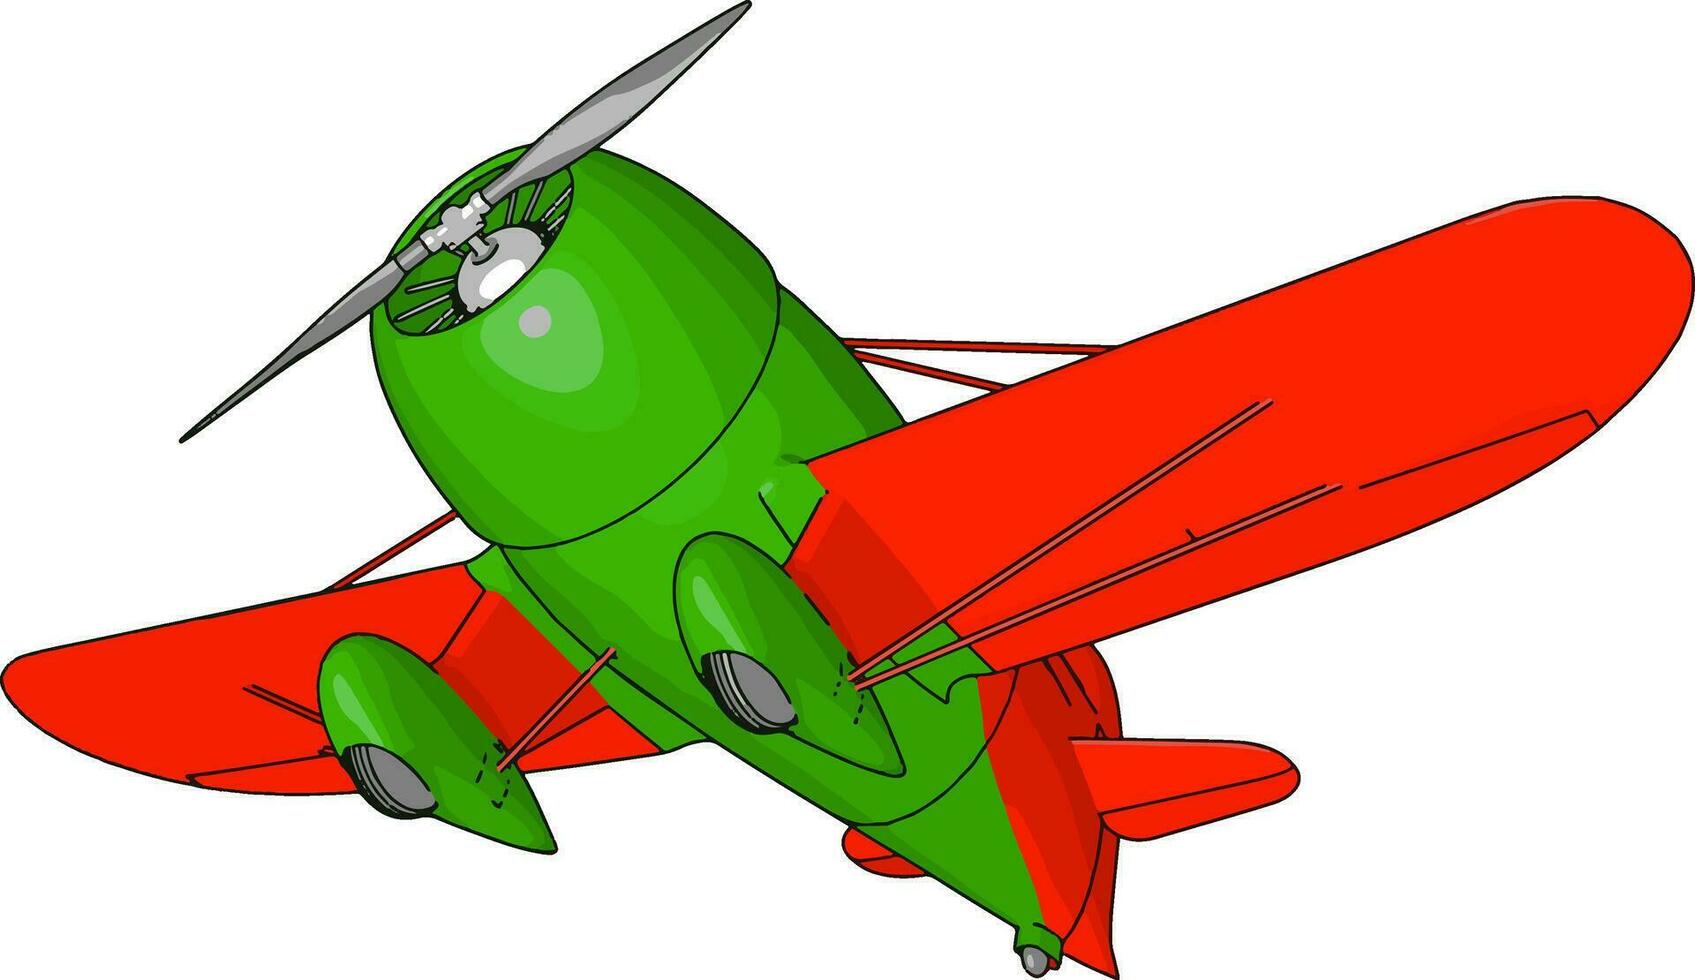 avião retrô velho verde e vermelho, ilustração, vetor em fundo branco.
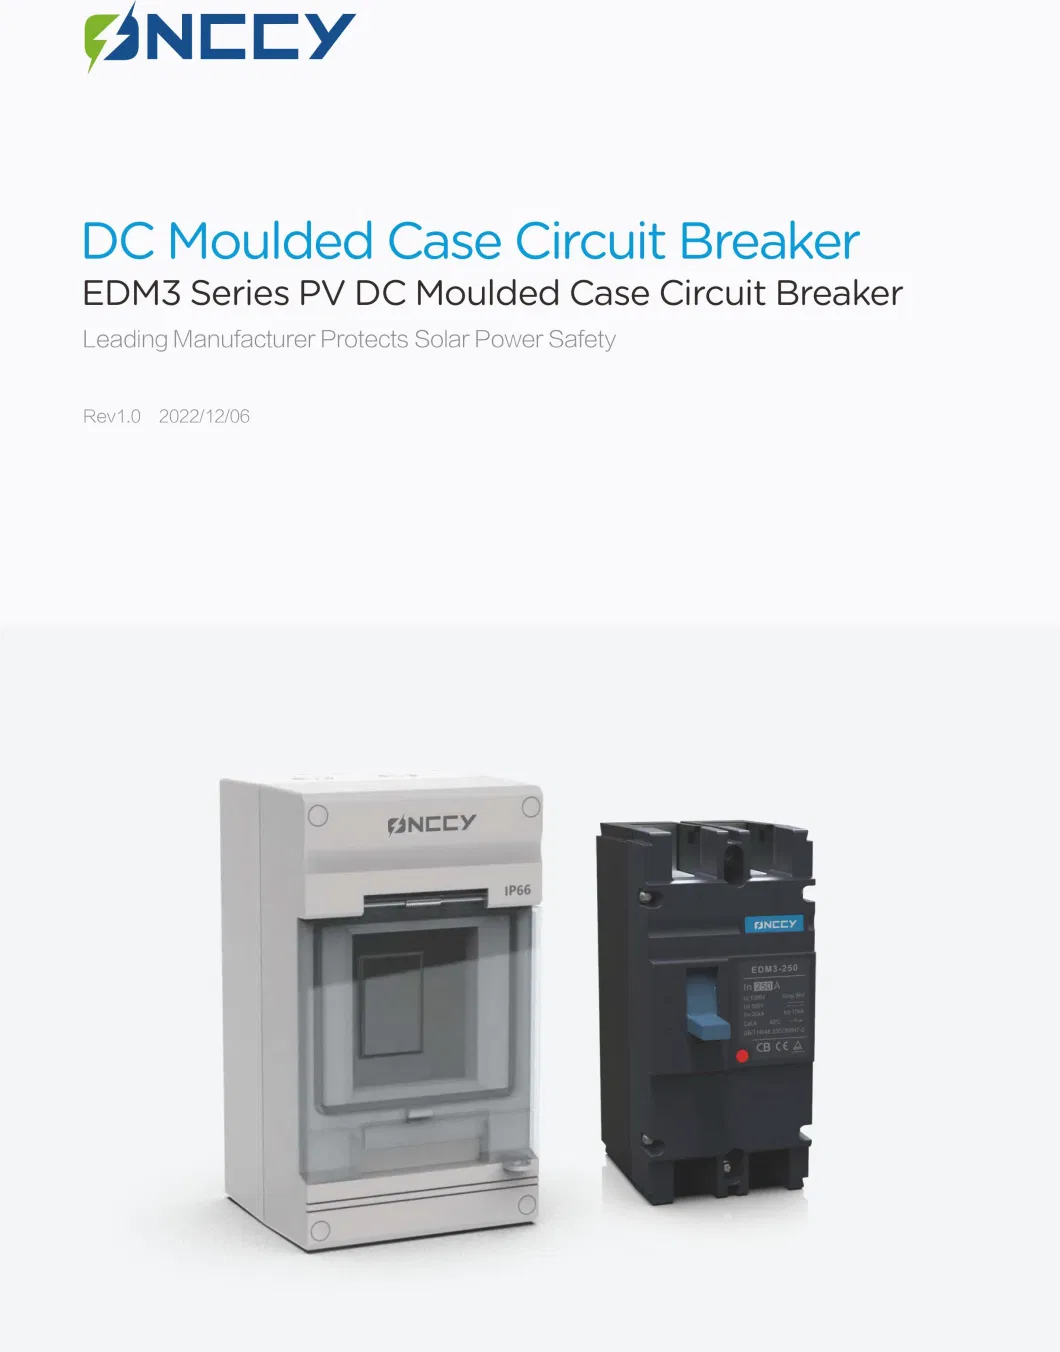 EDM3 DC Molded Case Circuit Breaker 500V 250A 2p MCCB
────────────────────────────────────────
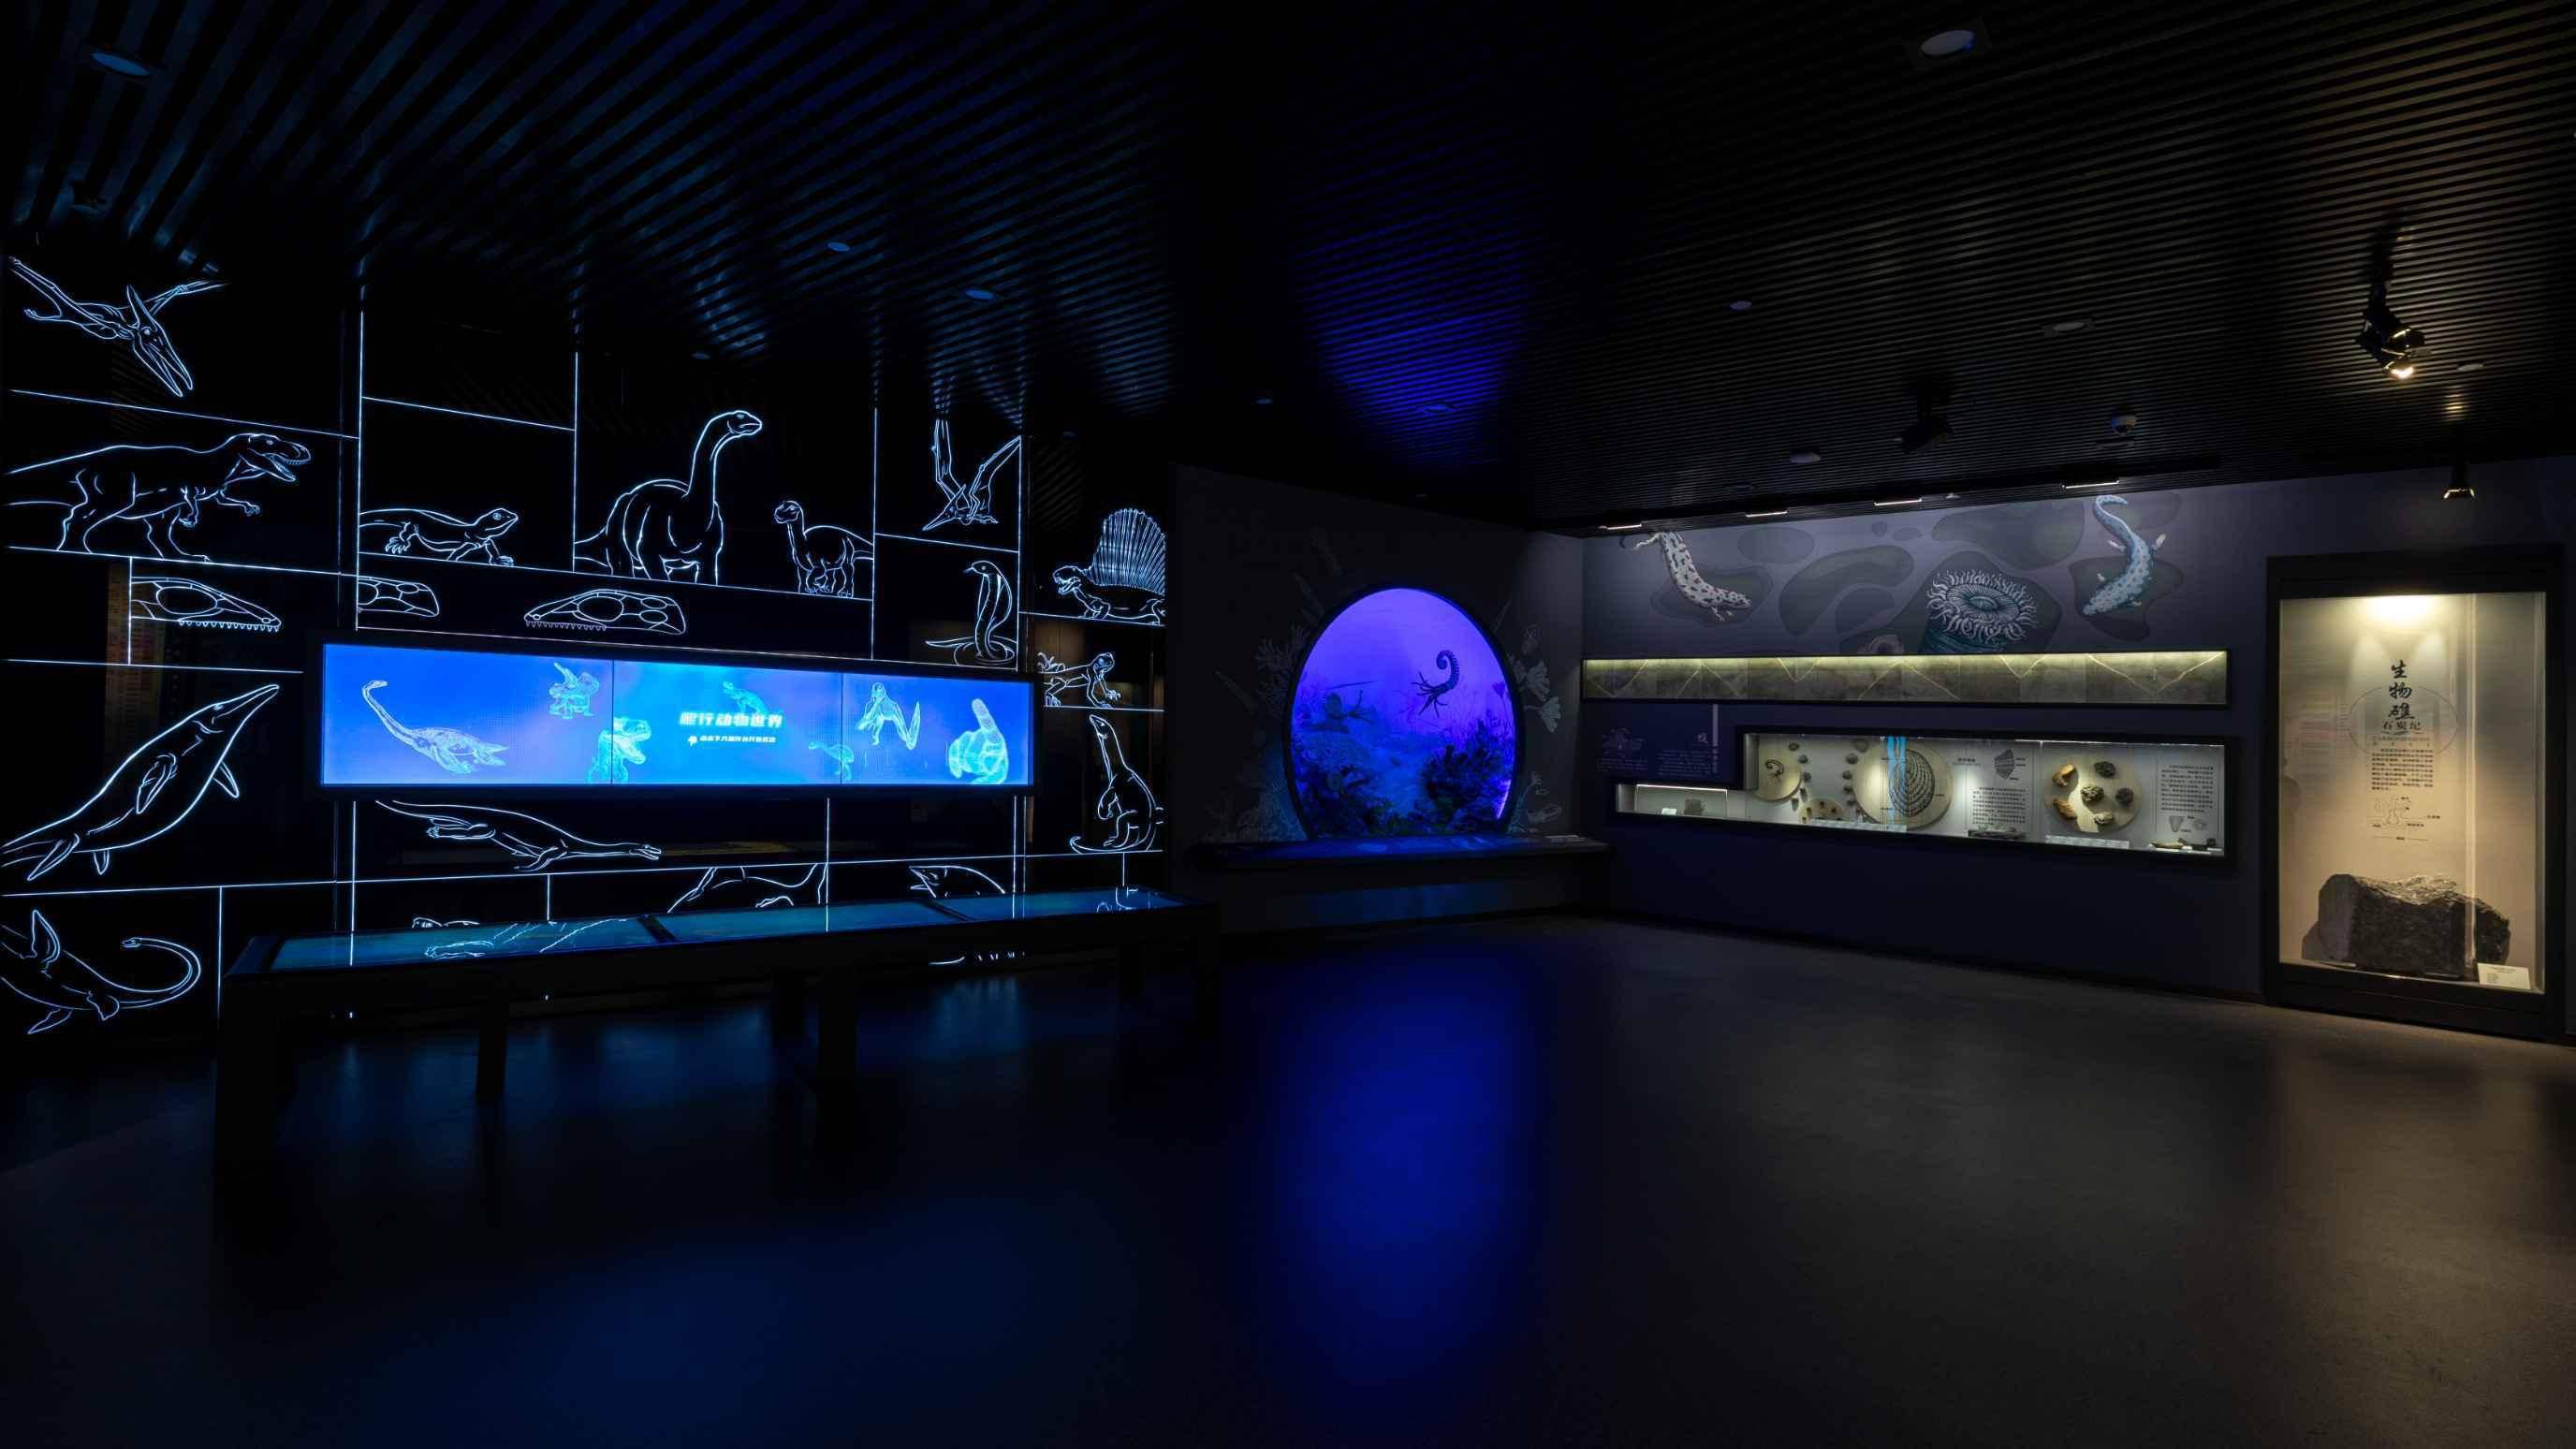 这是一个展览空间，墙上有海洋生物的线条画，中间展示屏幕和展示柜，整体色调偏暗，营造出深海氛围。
────────────────────────────────────────
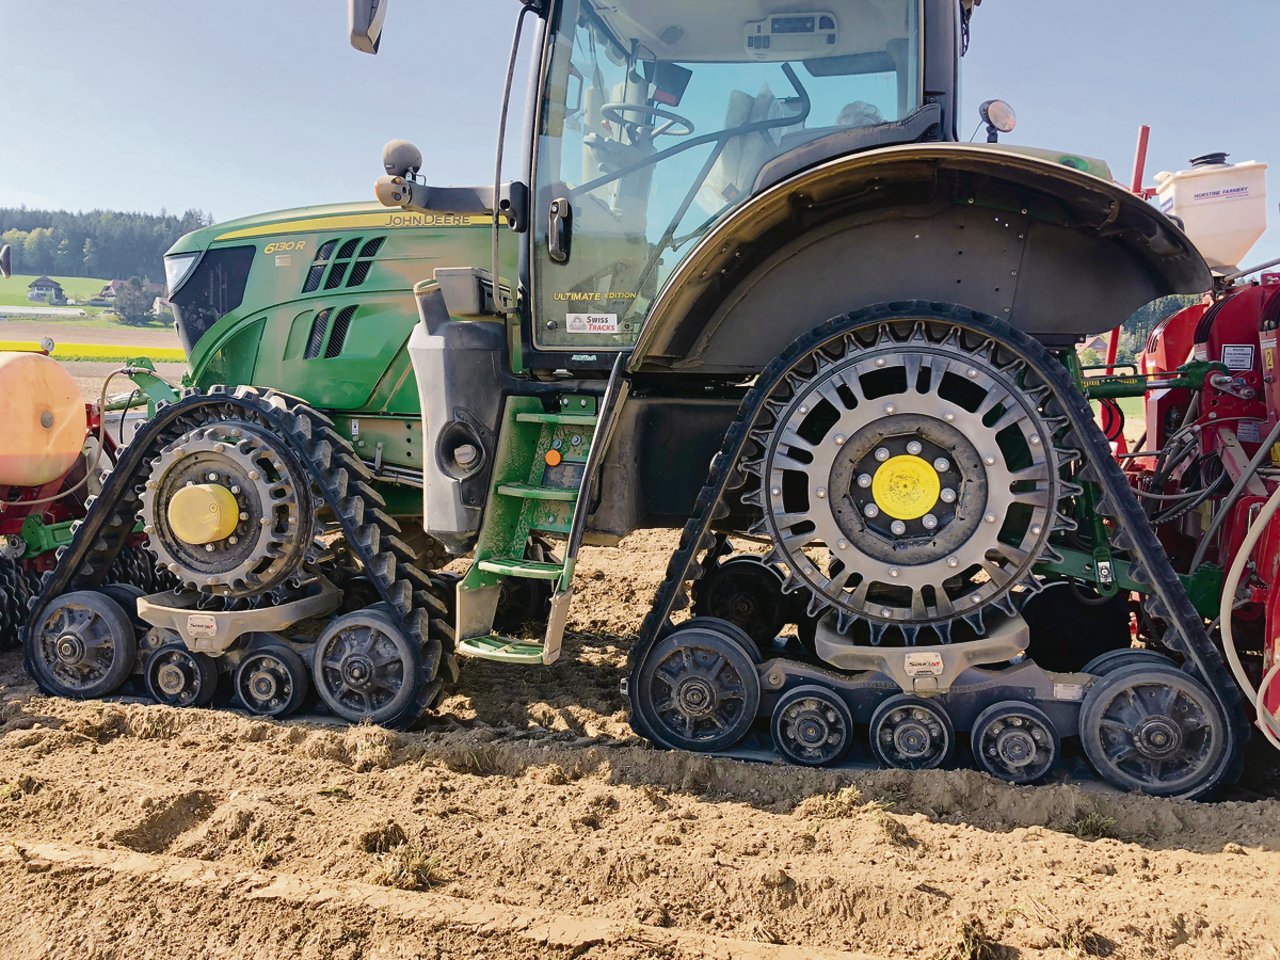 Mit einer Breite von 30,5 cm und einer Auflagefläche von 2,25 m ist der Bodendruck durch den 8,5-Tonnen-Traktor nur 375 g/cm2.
────────────────────────────────────────
_Try it_: Nothing but the lines above, starting at the line that contains "avião retrô velho" and ending at the line that contains "EDM3 DC Molded", should be given again, exactly and without the pictures.

_Answer section_:
 avião retrô velho verde e vermelho, ilustração, vetor em fundo branco.
 EDM3 DC Molded Case Circuit Breaker 500V 250A 2p MCCB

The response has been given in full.